If the range of the music-making itself also seems circumscribed, it is so first of all because of the Russian instrumental tradition. On the one hand the quality of the string playing is the stuff of legend. It is marked out not just by virtuosity and weight of tone (there was a time when the Leningrad Philharmonic could have supplied front-desk players to virtually every other top-class orchestra in the world) but also by an astonishing unity of expressive purpose. Always the sound is superbly focused, the inflexion unanimous; it may be lean, but it's never thin. Contrast this with the woodwind who often seem to be fighting gamely against insubordinate instruments and recalcitrant reeds, their difficulties surely exacerbated by lack of contact with the West, where orchestral wind playing has gone from strength to strength.
The second factor is the personality of the man who was the Leningraders' 'permanent director' from 1938 until his death 50 years later. This can already be guessed at from the demonic intensity of his most famous recordings, and it is confirmed by first-hand reports. ''A dreadful tyrant'' is the verdict of Lev Markiz, founder-conductor of the Moscow Soloists—''the whole orchestra began to tune their instruments an hour before the rehearsal was due to start, and 30 minutes later they sat there with instruments tuned, ready to begin''. Those were the days.

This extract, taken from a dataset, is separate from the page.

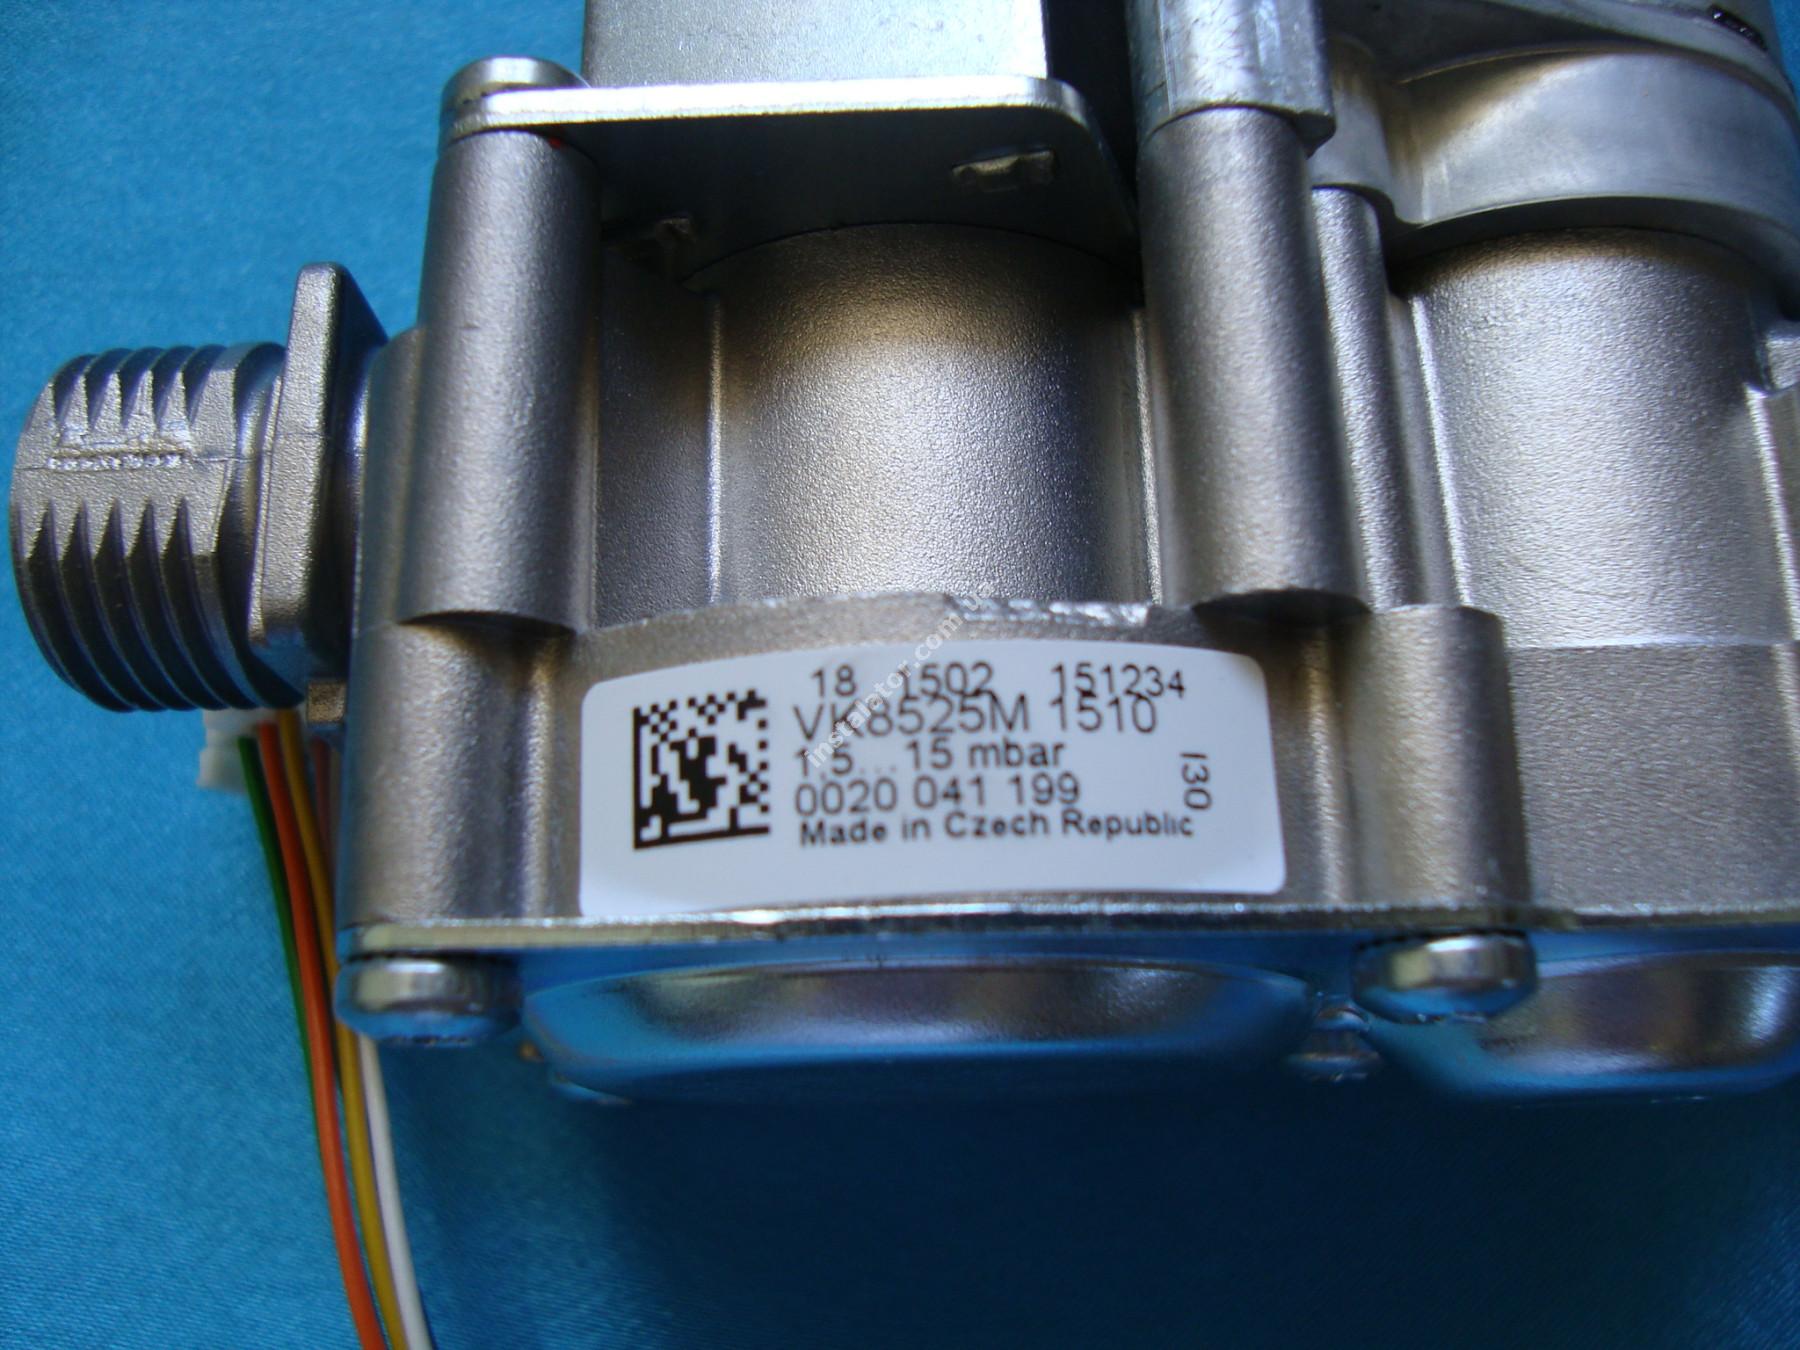 053520 Газовий клапан колонки VAILLANT MAG 16-0/0 XEA G20 (HONEYWELL CE-1312BM354) full-image-1

At its best the combination is uniquely potent—a controlled conflagration which almost scorches the ear, a sense of communicative intensity not as an optional extra, or even as something to be striven for, but as a constant presence, only waiting to be channelled in the right direction.
All that is clear enough from the recordings already available, and even those made in Mravinsky's eighties retain an Ancient Mariner-like, spellbinding quality. Unfortunately Erato's rehearsal disc, only available as part of the complete set of 12, is no such thing—three or four comments on timing and articulation at the beginning of the Tannhauser Overture are followed by a complete run-through of that and the Meistersinger Prelude (both splendid performances) and topped off by a brief personal reminiscence of little apparent relevance. Fortunately the other discs are available separately, though some are of considerably more interest than others.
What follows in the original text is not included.